Abstract
For the first time, an aza-Heck cyclization that allows the preparation of indoline scaffolds is described. Using N-hydroxy anilines as electrophiles, which can be easily accessed from the corresponding nitroarenes, this method provides indolines bearing pendant functionality and complex ring topologies. Synthesis of challenging indolines, such as those bearing fully substituted carbons at C2 is also possible using this method.
Keywords: catalysis, palladium, indolines, aza-Heck, cyclization
Graphical Abstract
The indoline scaffold is found in numerous natural products and biologically active complex molecules.[1] Synthetic pharmaceuticals containing this ring system are used to treat a wide variety of diseases, including migraines, hypertension, cancer, and chronic inflammatory and neurodegenerative conditions.[2] Notable examples of indoline-containing natural products and drugs are shown in Figure 1,[3] many of which bear a fully substituted carbon at C2 and/or unsaturation adjacent to the indoline nitrogen.
Figure 1.
Notable Natural Products and Drugs Containing Indoline Scaffolds.

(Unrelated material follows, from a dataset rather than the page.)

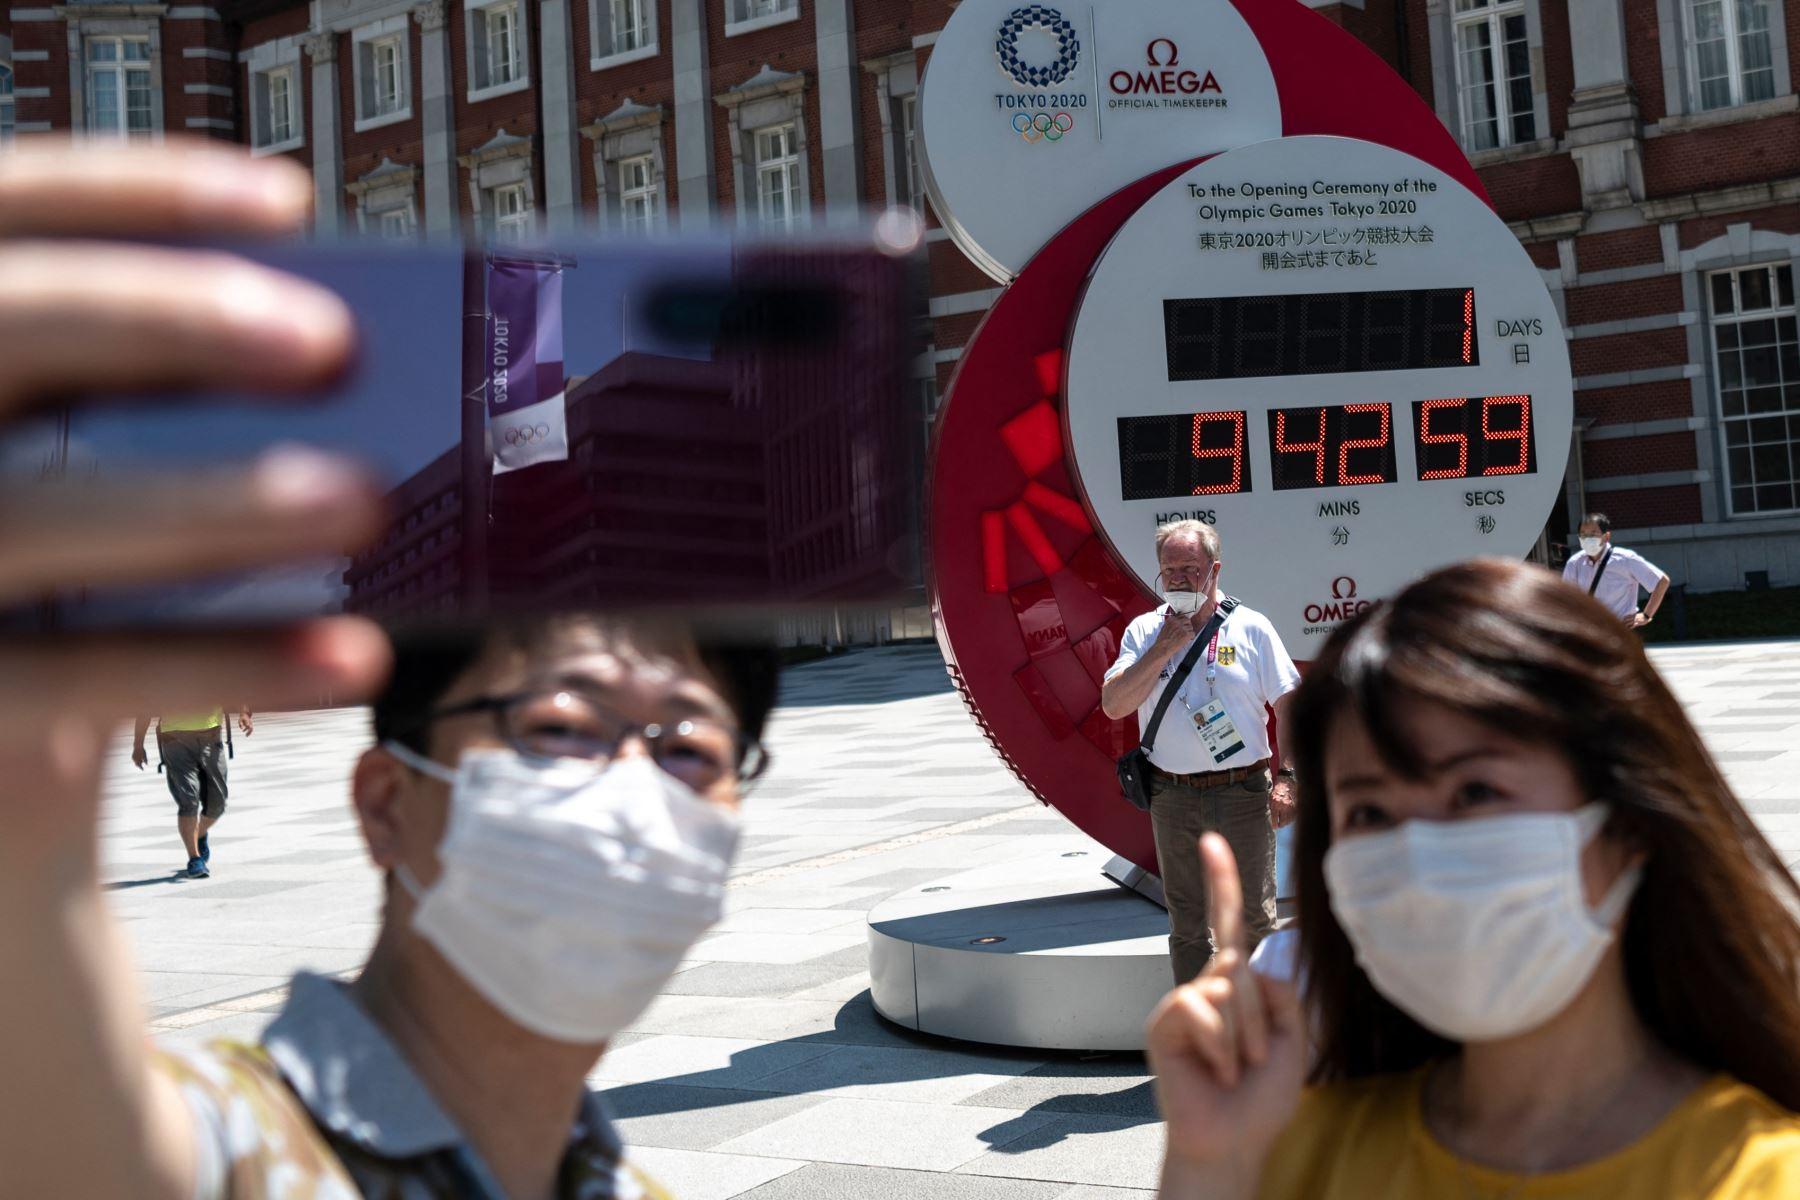 La gente toma fotografías del reloj de cuenta regresiva que indica 1 día y 9 horas antes del inicio de la ceremonia de apertura de los Juegos Olímpicos de Tokio 2020, en las afueras de la estación de Tokio. Foto: AFP
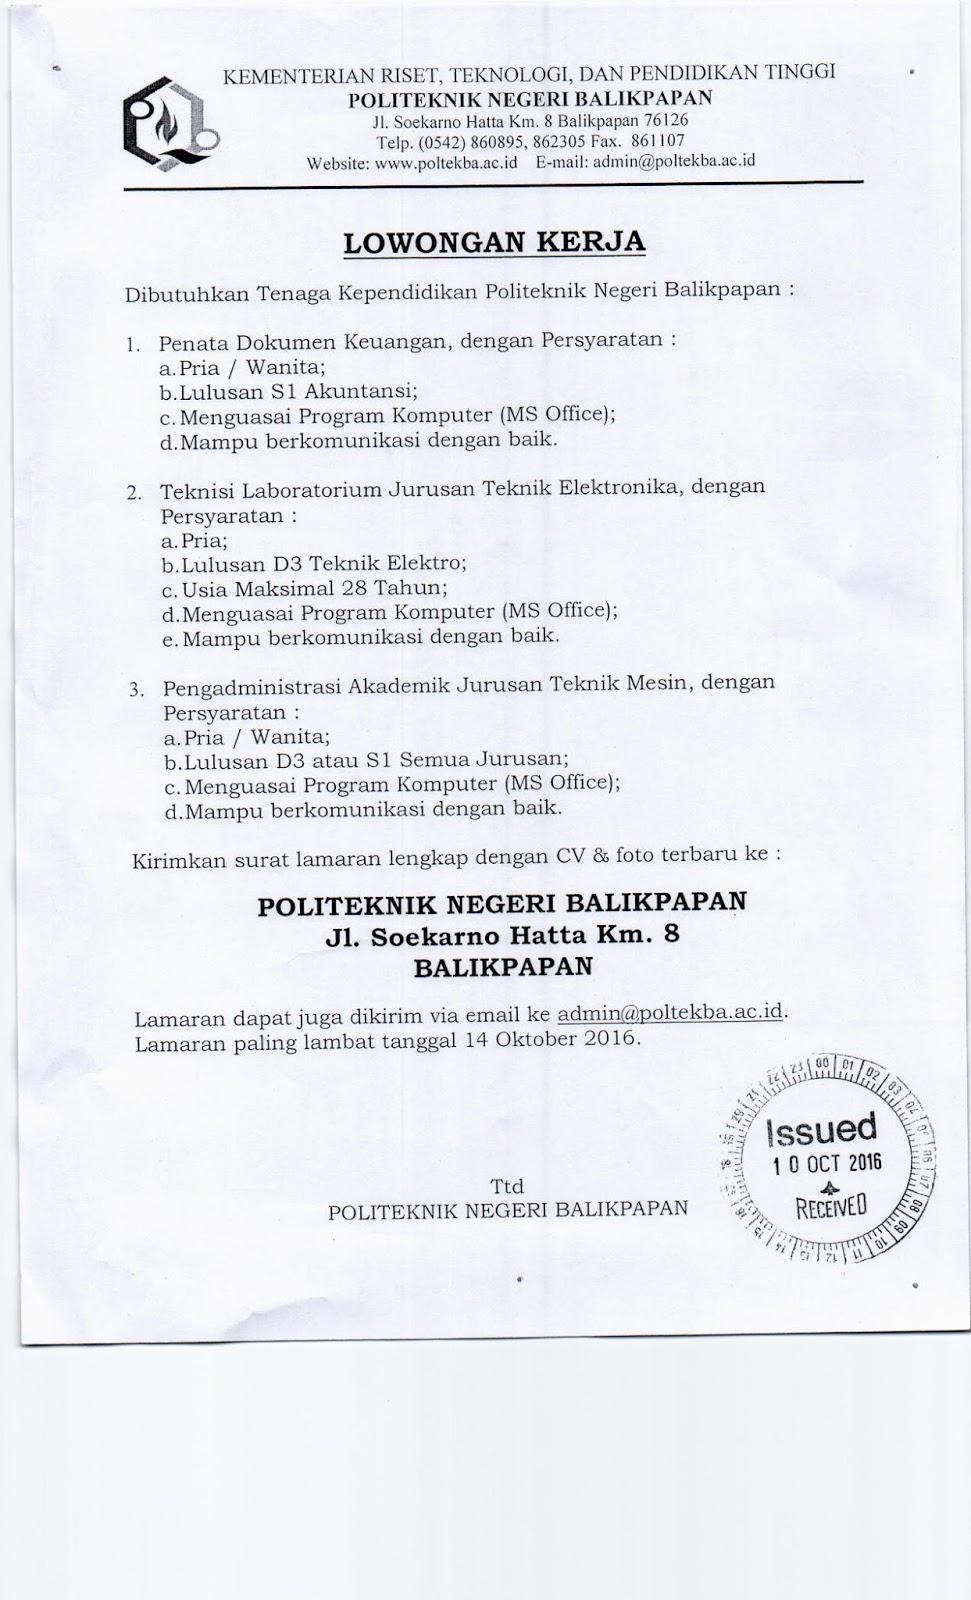 Lowongan Politeknik Negeri Balikpapan

Because of the prevalence of indolines in bioactive molecules, the discovery of new methods to prepare this heterocycle has attracted substantial research interest.[1] One attractive strategy involves cyclization of an aniline equivalent onto a pendant alkene. Aza-Wacker approaches to indoline synthesis using this general strategy have been previously described;[4] however, in general they are highly limited in terms of alkene substitution of the substrate. The vast majority of such cyclizations require substrates bearing either a terminal or 1,2-disubstituted alkene and result in mono-cyclic indolines or related heterocycles. Using aza-Wacker approaches, there has been only one isolated example of the formation of a fused bicyclic indoline,[4f] and one example of the cyclization to form an indoline bearing a fully substituted C2 carbon.[4i][5] In general, access to indolines bearing full substitution at C2 is challenging, and most often requires manipulation of a preformed indole core.[1a] Tsuji-Trost and related allylation reactions are capable of accessing such molecules;[6] however, they require more highly functionalized allylic electrophiles, which introduces difficulty in starting material preparation and limits the accessible product ring topologies. Thus, there is a clear need to develop a cyclization technology that can produce a wide range of indoline topologies, including more challenging product structures, from easily available starting materials.
Over the past several years, the discovery of Heck-type reactions using heteroatomic electrophiles has greatly enhanced carbon-heteroatom bond construction.[7] Within the context of alkaloid synthesis, aza-Heck cyclizations employing nitrogen electrophiles has proven to be a powerful strategy for nitrogen-containing heterocycle synthesis.[8] To date, we and others have described a few classes of such electrophiles that allow access to pyrroles and pyridines,[9] cyclic imines,[10] saturated pyrrolidines and piperidines,[11] lactams,[12] and imidazolidinones.[13] However, the use of nitrogen electrophiles bearing aromatic substitution has not been demonstrated. Moreover, only two prior examples of aniline electrophiles have been shown in cross-coupling reactions, making this a highly underdeveloped area of study.[14],[15]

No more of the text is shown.